Analisando a questão do trabalho infantil, Bruna relaciona a frustração juvenil com a pobreza e o possível envolvimento com drogas. “A criança tem sonhos… de ter o tênis novo, ir ao cinema. Infelizmente, aquela mãe se desdobra em cima do sapato e o dinheiro não sobra”, narra. “A criança vai chegar a uma idade que vai ficar revoltada por não ter tido o tempo de ser criança e ter que enfrentar o mundo adulto, sempre com a vontade de ter. É onde, às vezes, ela encontra oportunidades erradas para conseguir o que quer”.

O ideal, destaca a assistente social, é que as próprias empresas abram as portas para a ação da assistência social nestes esses espaços. Primeiro, é fundamental buscar a mapear as mulheres que trabalham na informalidade na indústria calçadista de Franca, assim como fornecer capacitação e rodas de escuta.

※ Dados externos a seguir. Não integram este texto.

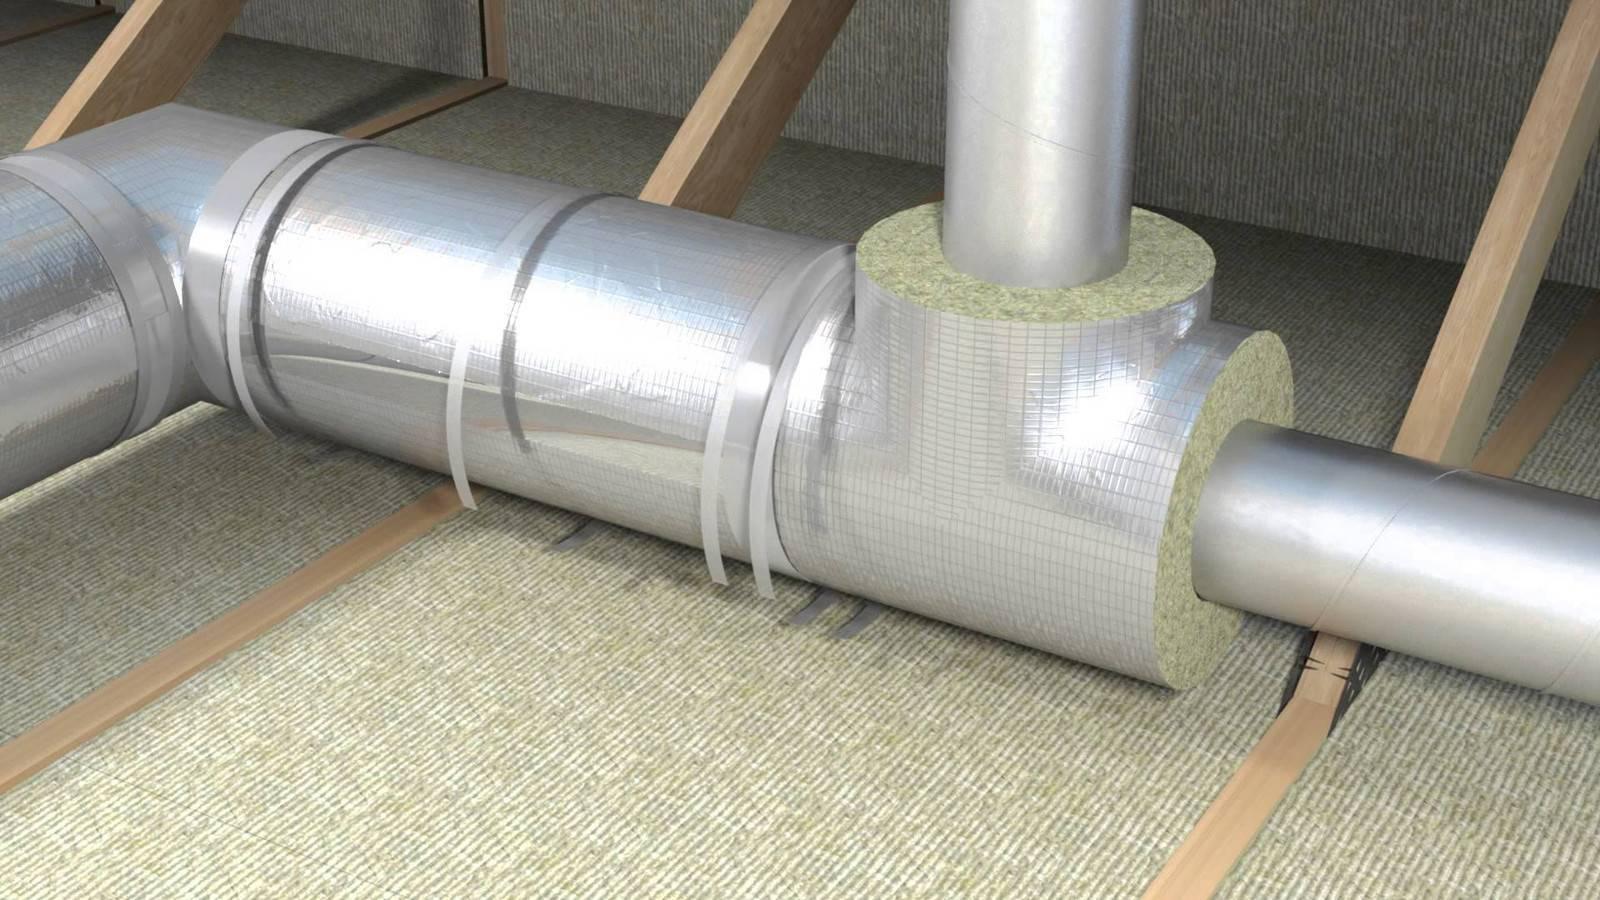 Теплоизоляция для труб отопления - чем изолировать, какие материалы использовать
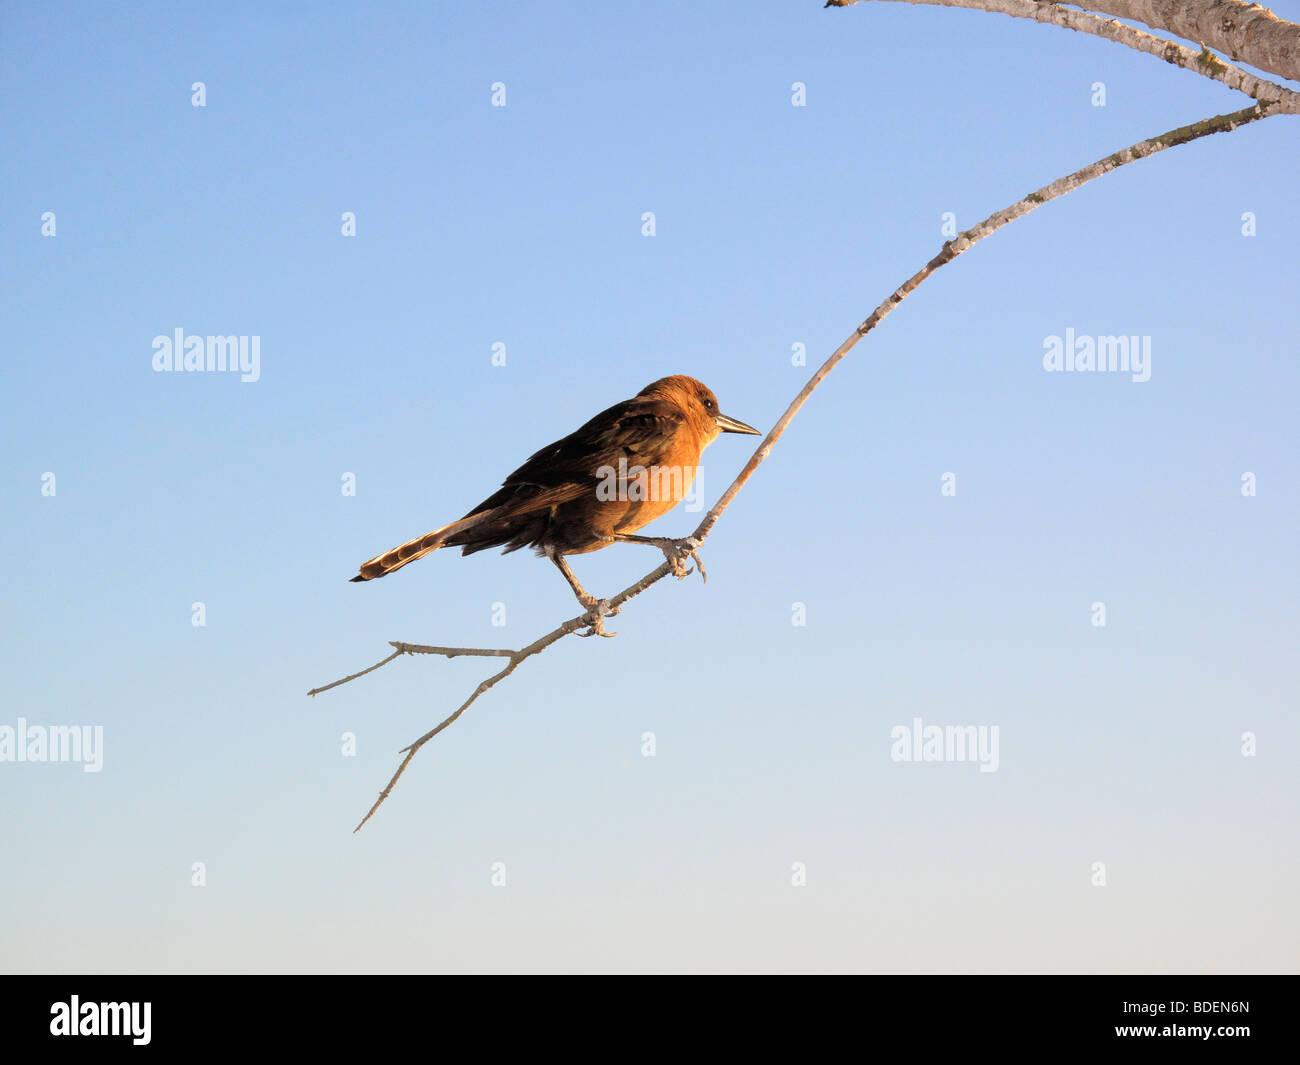 a Brewer's Blackbird bird on a branch in Florida, USA - Stock Image

Uma barreira para fazer uma cooperativa, pondera Letícia, é que muitas delas irão perder o benefício que recebem do governo. A saída, ela vê, é analisar caso a caso, para que algumas consigam se tornar MEI, e que as que ainda assim sigam na informalidade, tenham condições de trabalho melhores.

Procurado pela reportagem, o presidente do Sindifranca, José Carlos Couto, afirmou não ter dados sobre informalidade no setor, mas diz que as empresas ainda não se recuperaram da pandemia – foram fechadas cerca de 60 fábricas no período.

A situação tributária, tanto no estado quanto no âmbito federal, também é um entrave para os empresários do ramo, bem como a competição com mercado internos (em Minas Gerais) e externos (Indonésia e China).

Tentamos falar com a Prefeitura de Franca para entender como a prefeitura lida com a informalidade, apoio social a mães e menores de idade que trabalham na indústria. A Prefeitura se limitou a responder apenas o seguinte: “a Secretaria de Ação Social informa que não há registros de trabalho infantil nas indústrias calçadistas de Franca”.